Acetaldehyde is produced by yeasts during alcohol fermentation and known as Group 2B carcinogen (40). The amounts of acetaldehyde in apple wines made with various pre-treatments of mash are shown in Fig. 1. The control had the highest content of acetaldehyde (2.39 mg/L). Sample A showed significantly lower acetaldehyde content (2.07 mg/L) than that of the control (P<0.05). The drop in pH by acing lactic acid seemed to be effective in lowering the acetaldehyde content of apple wine. Adding pectinase produced lower acetaldehyde (1.32 mg/L) than that of sample A. Production of sugar sources (mono- and oligosaccharides) by decomposing pectin, pectinic acid, and pectic acid could prevent heterofermentation by supplying adequate energy to yeasts during fermentation. This is in line with a higher soluble solid content in sample B than that in the control on the ninth day of fermentation (Table 5). Chaptalization to 24°Brix (sample C) was the most effective in reducing acetaldehyde synthesis in apple wine by presenting the lowest content (1.00 mg/L). Interestingly, sample D, which had pectinase and chaptalization, showed slightly higher acetaldehyde content than sample C. Adding pectinase alone reduced acetaldehyde content; however, it was not effective when chaptalization was performed. Yeasts used sugars from chaptalization as well as sugars produced by decomposing polysaccharides from apples. Since pure sugar could be directly used for the energy source of yeast, oligosaccharide produced by pectinase would prevent the use of sugar for some yeast. The competition between sugar and oligosaccharide generated a slightly higher amount of acetaldehyde than that of sample C.

Fig. 1.

Fig. 1

Acetaldehyde content (mg/L) of apple wines fermented by different pre-treatment conditions of mash. Pre-treatment conditions referred to Table 1. Different letters (a–d) indicate significant difference at P<0.05 by Fisher’s least significant difference test.

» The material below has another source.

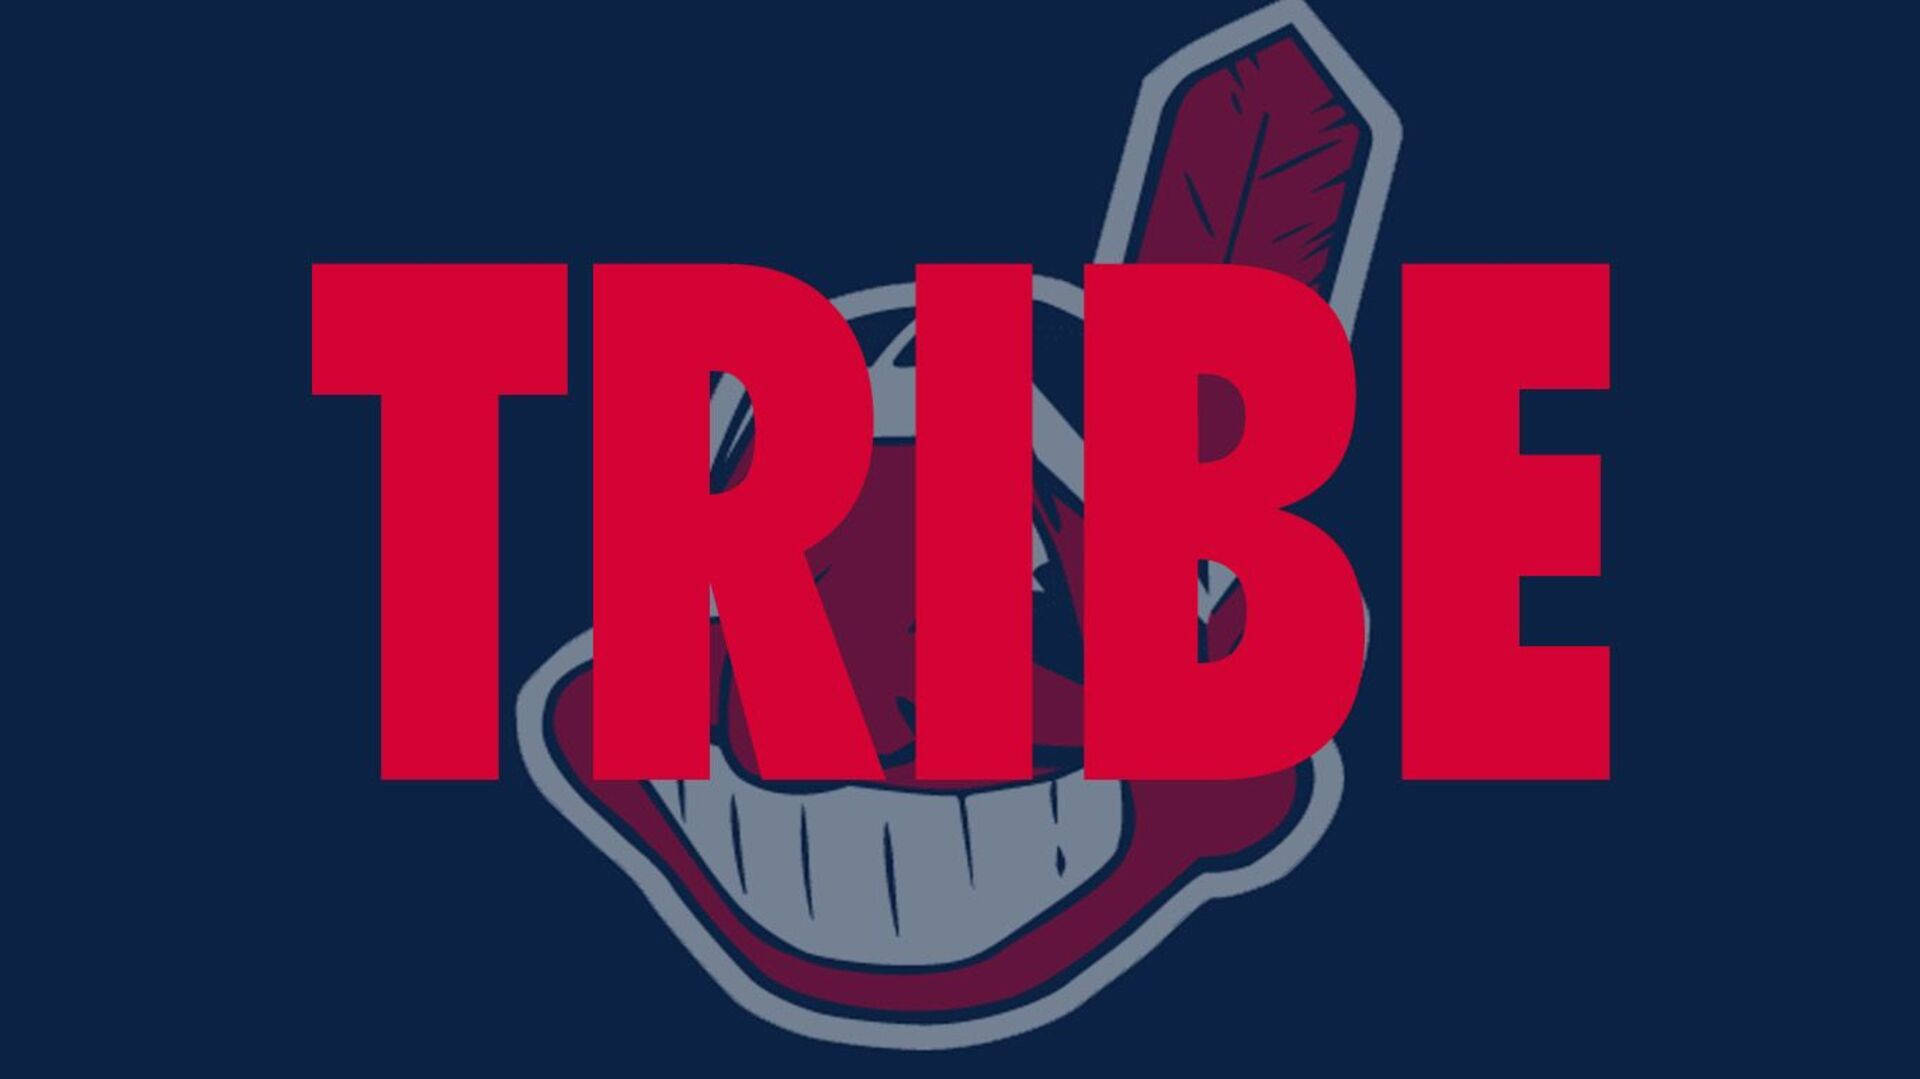 The Cleveland Indians Logo Background

Methanol content of the samples is presented in Fig. 2. The amounts of methanol in these samples were within the range (0~769 mg/L) of apple wine (29). The control produced 0.82 mg/L of methanol. Dropping the pH by adding lactic acid (sample A) showed significantly higher methanol content (1.03 mg/L) than that of the control. This was due to the low pH of the mash (41). Methanol of samples B (0.65 mg/L) and C (0.74 mg/L) were statistically identical to the control (P<0.05), whereas adding pectinase and sugar (sample D) produced significantly higher methanol (1.22 mg/L) than those from adding pectinase (sample B) and adding sugar (sample C). It is expected that a synergistic effect in the production of methanol would be carried out for sample D.

Fig. 2.

Fig. 2

Methanol content (mg/L) of apple wines fermented by different pre-treatment conditions of mash. Pre-treatment conditions referred to Table 1. Different letters (a–c) indicate significant difference at P<0.05 by Fisher’s least significant difference test.

In conclusion, adding lactic acid was effective in producing more alcohol than the control and reduced acetaldehyde content. Unless chaptalization is performed, adding lactic acid for apple wine mash would be beneficial in preventing contamination and producing more alcohol. Chaptalized samples produced more alcohol due to the additional energy source for alcohol fermentation. The additional alcohol by adding sugar had higher total acidity than the control with the same conversion ratio between alcohol content and total soluble solid content. If sugar is cheaper than apples, chaptalizing would be beneficial to apple wine breweries with a cost benefit.

ACKNOWLEDGEMENTS

The research was supported by the High Value-added Food Technology Development Program of the Ministry of Agriculture, Food and Rural Affairs, Republic of Korea.

Footnotes

AUTHOR DISCLOSURE STATEMENT

The authors declare no conflict of interest.